On Thursday I had to attend hospital for a series of test and x-rays in the area of my colon. Over the past few weeks I've been in a lot of pain so after several visits to my doctor I was sent to the hospital. I now wait for the results. I will then know what I have to cope with. As we get older the body wears out so itís just another health problem. When I look back at some of the scary situations I've been in I consider myself very lucky that I can still get out fishing. I reckon angling is the best thing we can teach young and old.

This morning Friday I was on the river around 7 o'clock checking my mink and grey squirrel traps. I had one squirrel which was quickly dispatched. Having walked the full length of my river it was time for breakfast, I soon had a large bowl of porridge followed by tea and toast. I then made my way downstream to a small copse, on hands and knees I crawled into the hide making myself comfortable. With binoculars I scanned the trees and bushes looking for predators everything looked peaceful. An hour or so later I watched a good salmon probably twenty pounds crash out of the water. If the river had been a foot lower that fish would have been catchable on a fly. Then out of the corner of my eye I spotted a grey squirrel slowly crawling down a nearby beech tree. It was about fifteen feet away from a nesting blue tit. As I lifted the rifle I switched off the safety catch, and then slowly moved up the predator until its head was in the cross-hairs. I held my breath then gently squeezed the trigger. Another predator that wouldn't steal any more eggs or take young song birds.

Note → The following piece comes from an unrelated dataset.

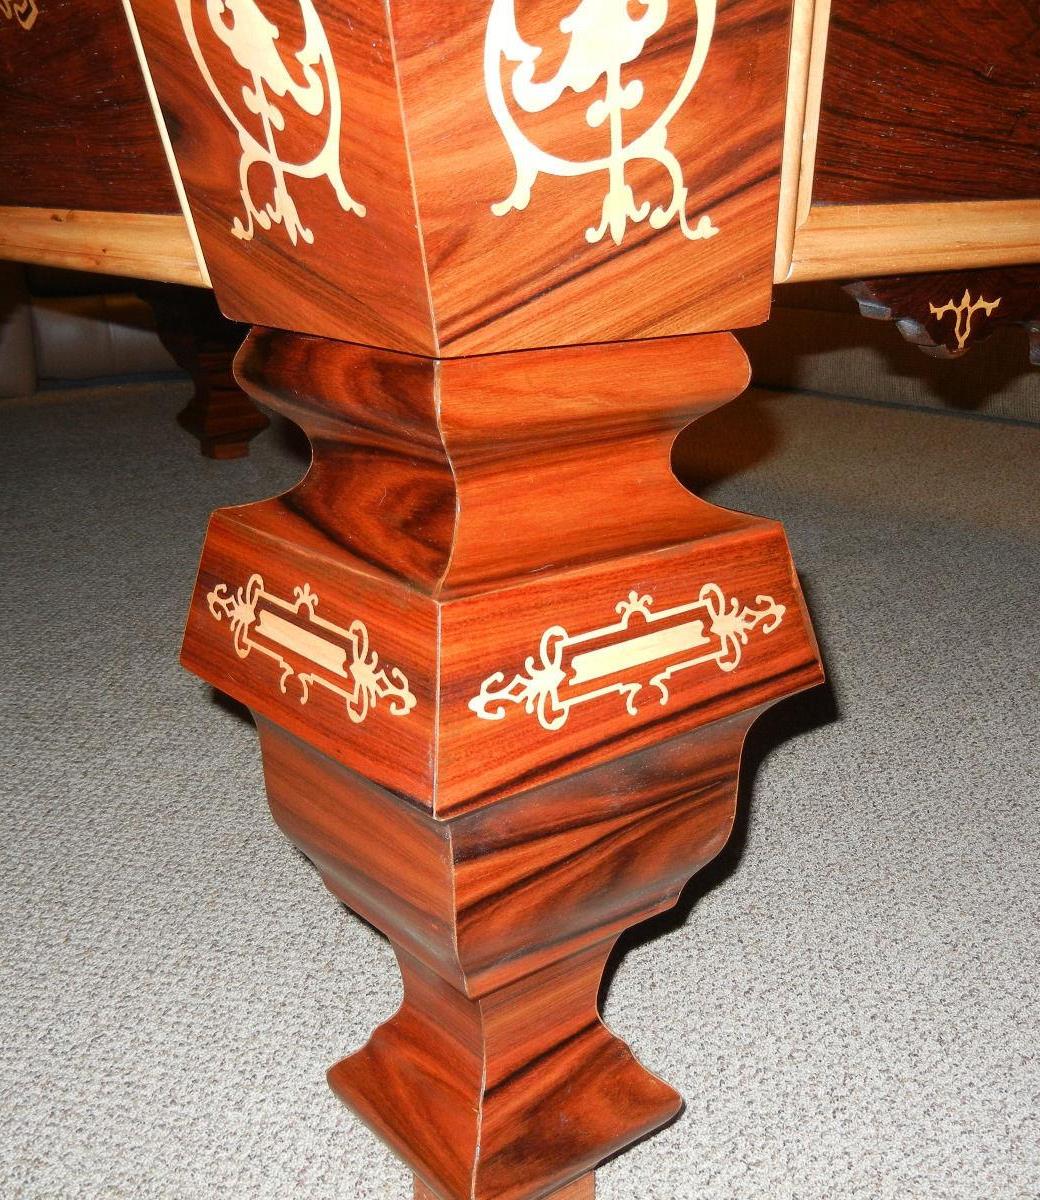 Example of a restored Brunswick pool table from the 1980s with intricate inlay work

Twenty minutes later I heard a commotion coming from the direction of a ducks nest, peering through the branches I could see a mink ready to attack. Slowly and quietly I lifted the rifle as I sighted on the pest, moving the barrel along its body until the cross-hairs were in the centre of its head, I gently squeezed the trigger. It was a clean kill, in its last movements it jumped about three feet off the ground before falling back dead. Thankfully today several of the angling clubs who are members of the Ribble Fisheries are now operating mink traps on the river for this biggest predator in the countryside. So more ground nesting and song birds will survive.

June 16th isn't far off and I have started looking at various venues, I was lucky to get a week at Redmire from September 16th and this year is the 60th Anniversary of Walkers 44lb record fish, so making it a bit more special. I have given the first three days free of charge to Mike Evans who is the Ross AC bailiff. Mike lives in Ross and has wanted to fish the water for years but has never been successful in the draw. Having been there on several occasions I felt I should give him some of my days at the water. I will go and fish the River Wye. Colour Sgt Tam Miller has always wanted to visit the water so he will get a day at the venue.

June 16th I will be fishing a gravel pit in Gloucestershire for tench, rudd and perch; this water has a close season from March 15th until June 15th both days inclusive. So really looking forward to this trip more so as June 16th will be even more special for me. Over the past few weeks I've been playing around with some of the snails and mussels from Pallatrax, which are re-hydrated before use, but what makes them even better is you can flavour and colour them. I've been dropping them into a local still water where I can sit and watch the reaction of the fish. Itís all been very positive. When my local river has been flowing clear I've chucked mussels and snails to the chub, I was amazed at how quickly the chub grabbed these food items. I reckon there are good prospects for these baits.

This years Barbel Society Conference will be on Sunday 3rd June, Pallatrax will have a stand where I will spend some time signing my book At The Water's Edge, I will also have a few of the limited signed editions in a slip case. On the Pallatrax stand they will have the new baits along with the various boilies and pastes. I rate the Pallatrax cheese paste, though I change it a bit by adding some oil, cheese glug and some Danish blue. In its natural form itís too stiff to fish directly on the hook, you need to hair rig it. When fishing for chub with a hair I reckon you will miss some bites, my cheese paste is very soft and perfect as a hook bait.